_Goal of the exercise_
Return only the stretch of the material below that begins with the line containing "Sitecom - USB-A to 4x USB-A Hub - CN-5005" and ends with the line containing "18pc Cotton Bath", exactly; both of those lines belong to it.

_Data provided_
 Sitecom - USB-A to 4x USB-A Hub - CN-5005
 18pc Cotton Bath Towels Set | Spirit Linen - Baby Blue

* * *

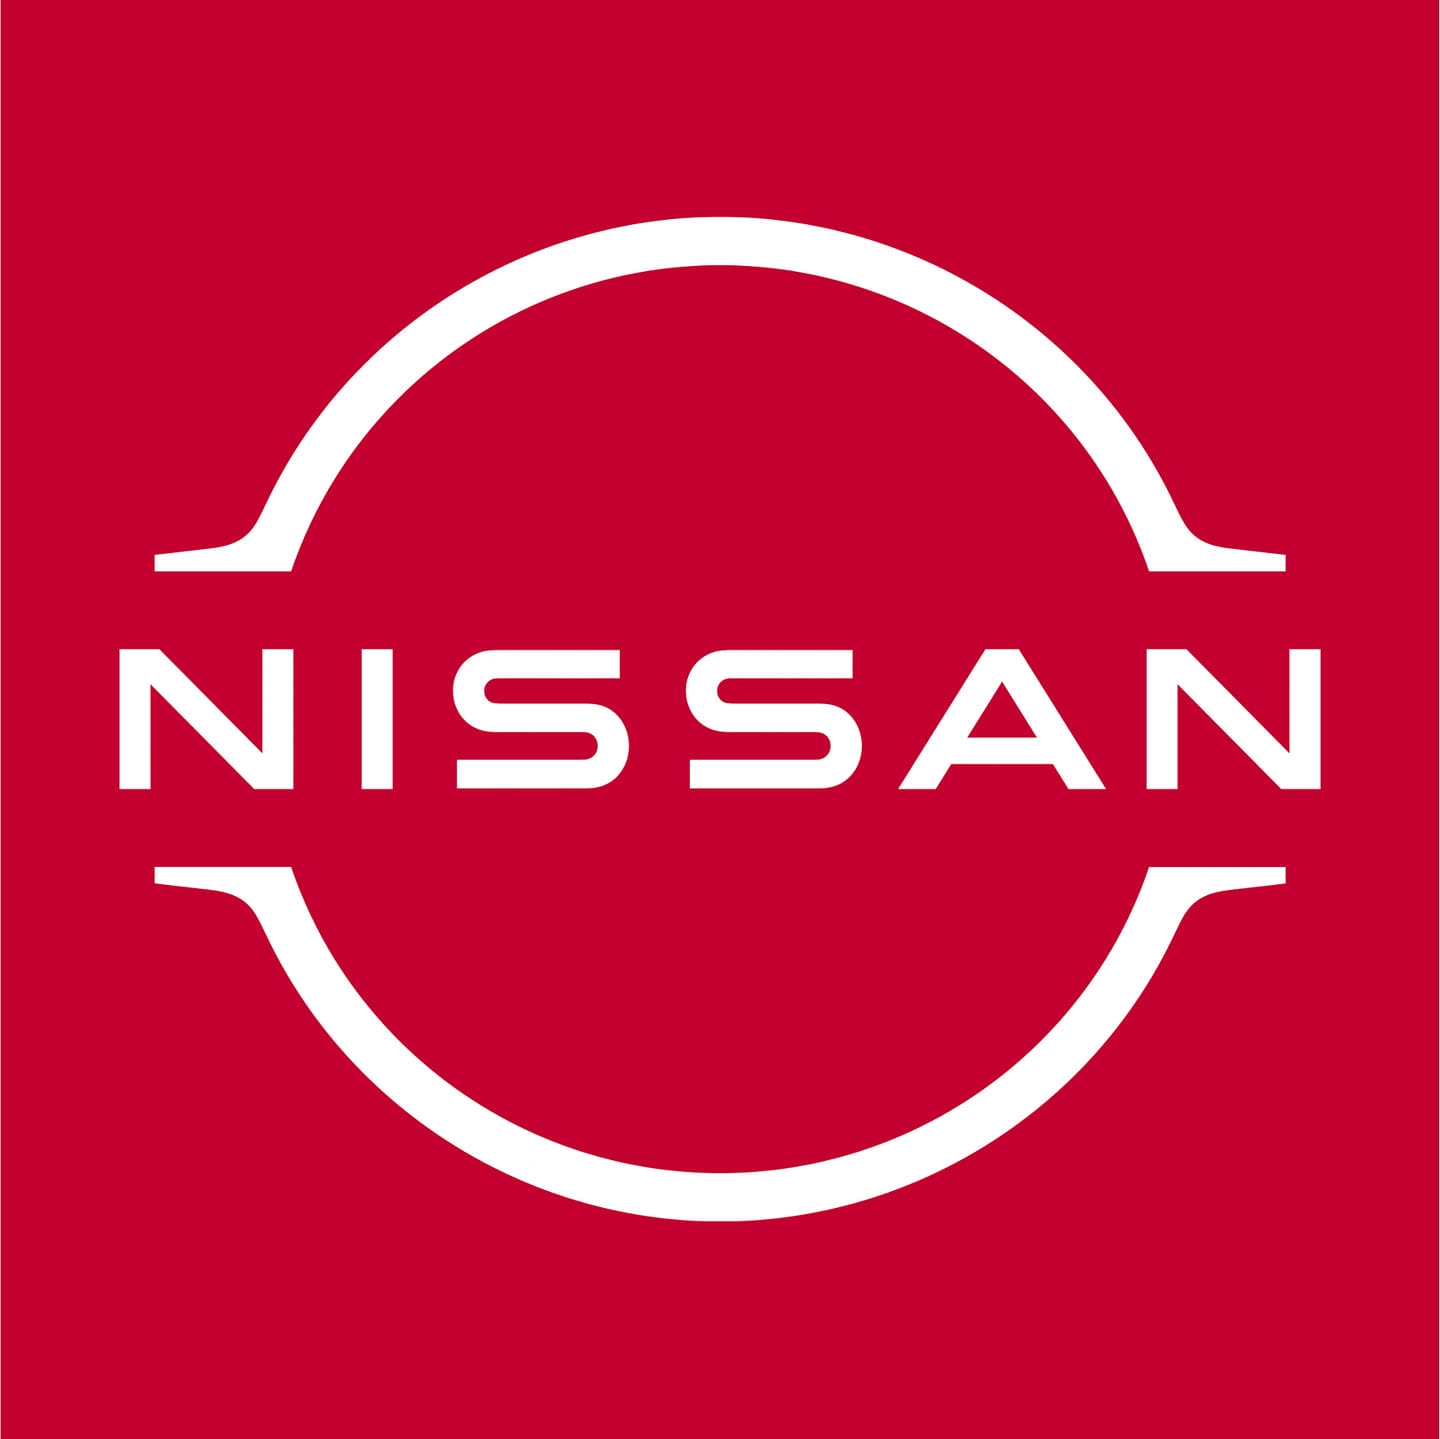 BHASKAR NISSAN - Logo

_Final answer_
 Sitecom - USB-A to 4x USB-A Hub - CN-5005
 18pc Cotton Bath Towels Set | Spirit Linen - Baby Blue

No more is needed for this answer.